-- Data shown --
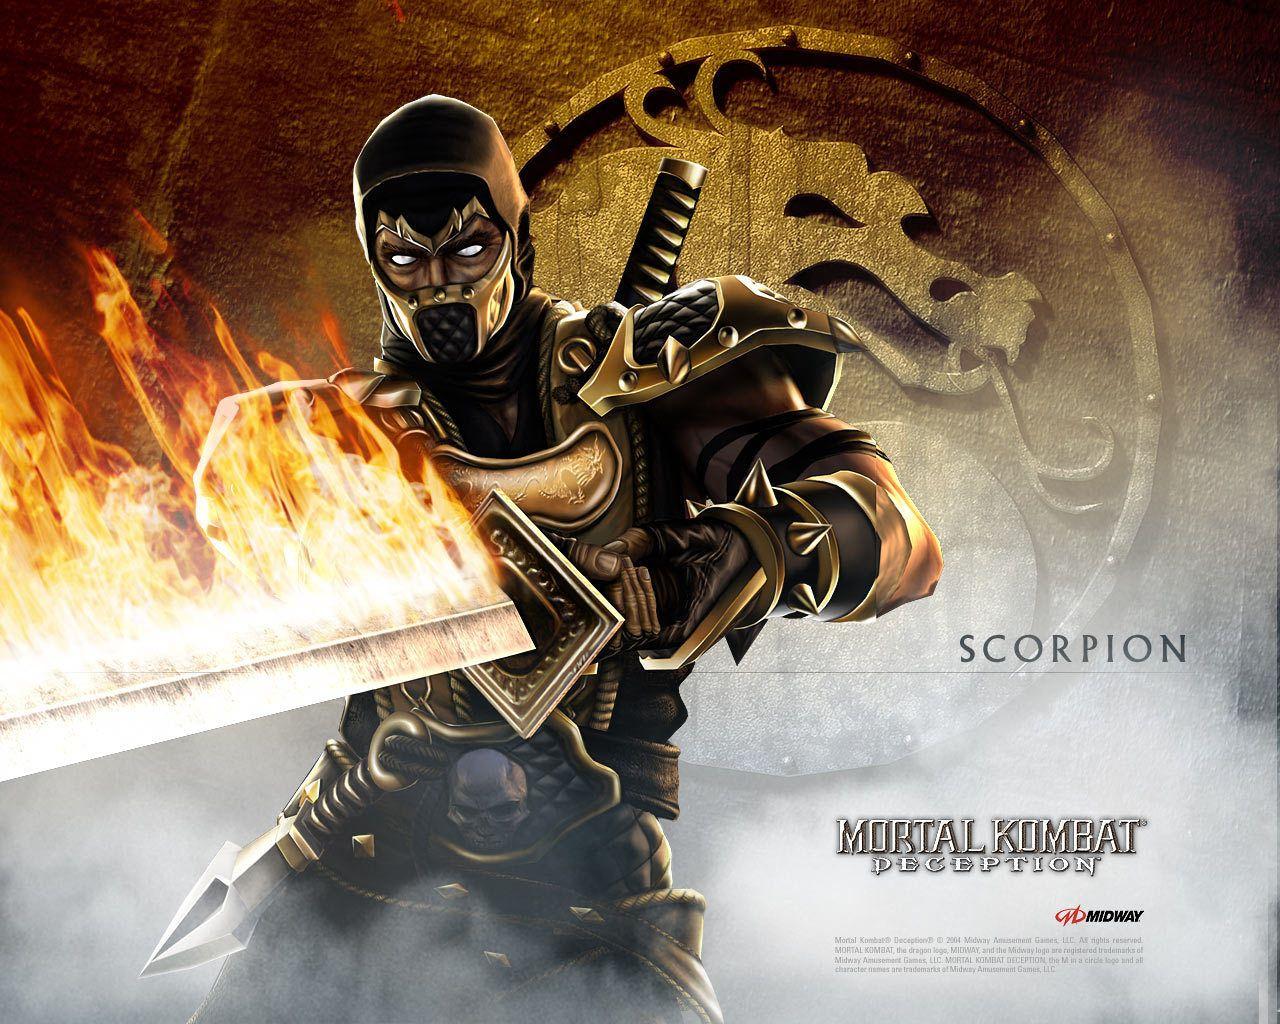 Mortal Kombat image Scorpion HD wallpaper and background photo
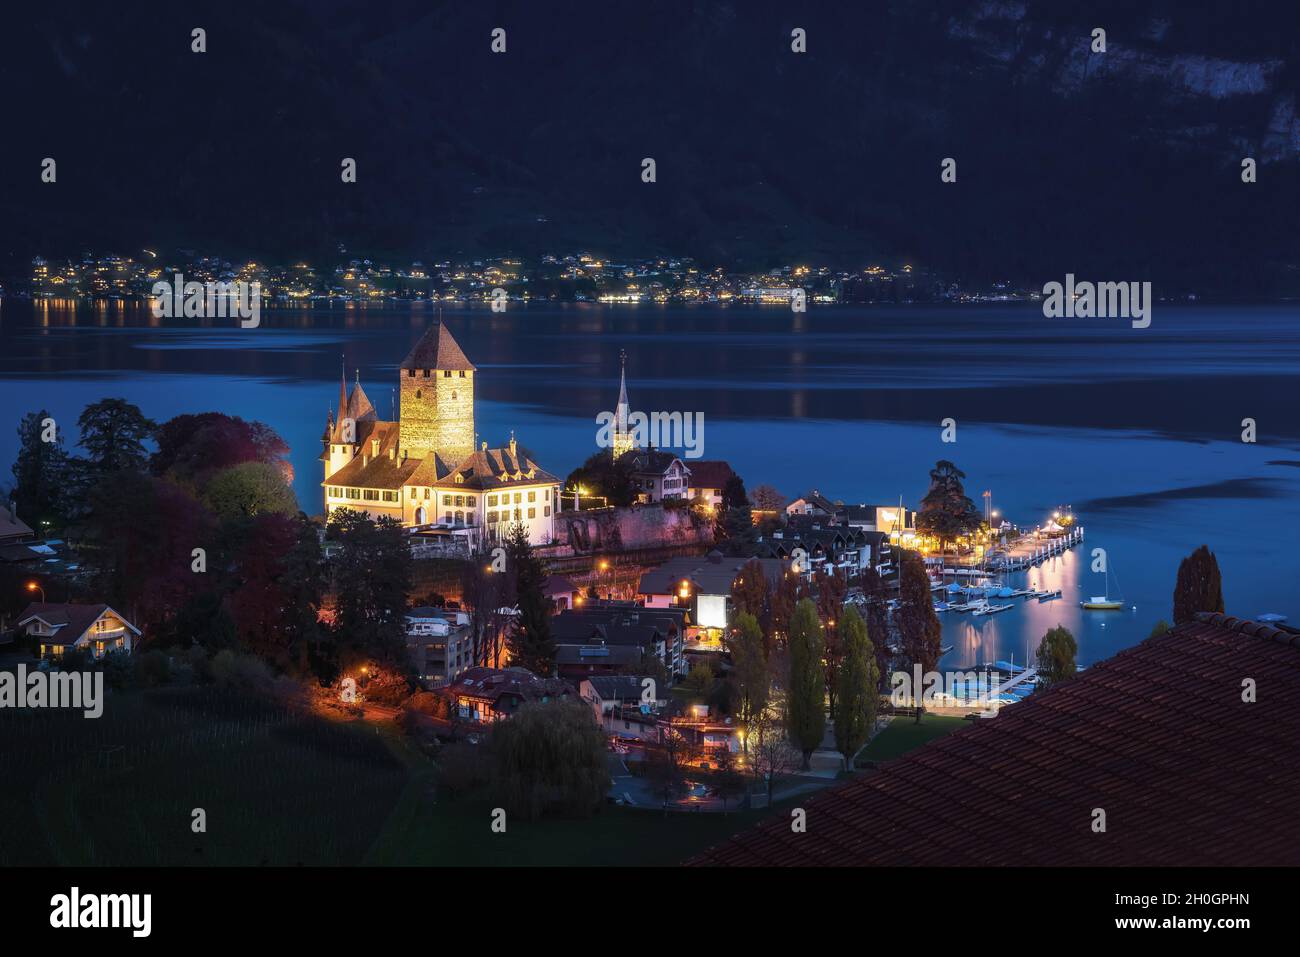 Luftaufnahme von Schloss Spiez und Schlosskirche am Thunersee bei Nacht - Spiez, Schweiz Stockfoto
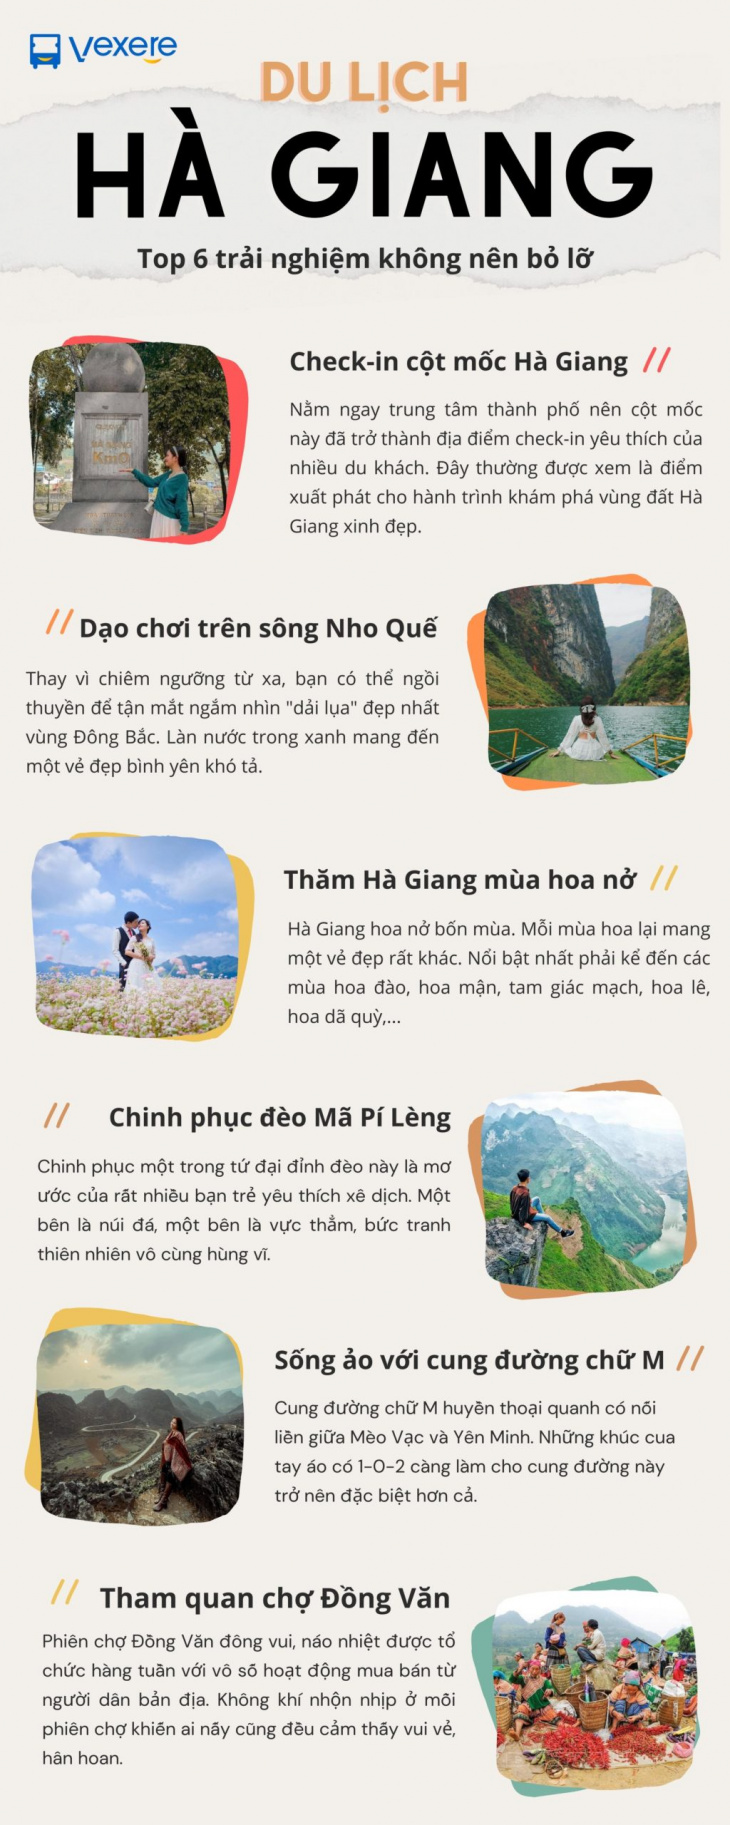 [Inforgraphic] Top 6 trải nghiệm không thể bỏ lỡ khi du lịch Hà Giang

-- Work to be completed --
Retype the lines above exactly, no pictures.

-- Response box --
 Mortal Kombat image Scorpion HD wallpaper and background photo
 Luftaufnahme von Schloss Spiez und Schlosskirche am Thunersee bei Nacht - Spiez, Schweiz Stockfoto
 [Inforgraphic] Top 6 trải nghiệm không thể bỏ lỡ khi du lịch Hà Giang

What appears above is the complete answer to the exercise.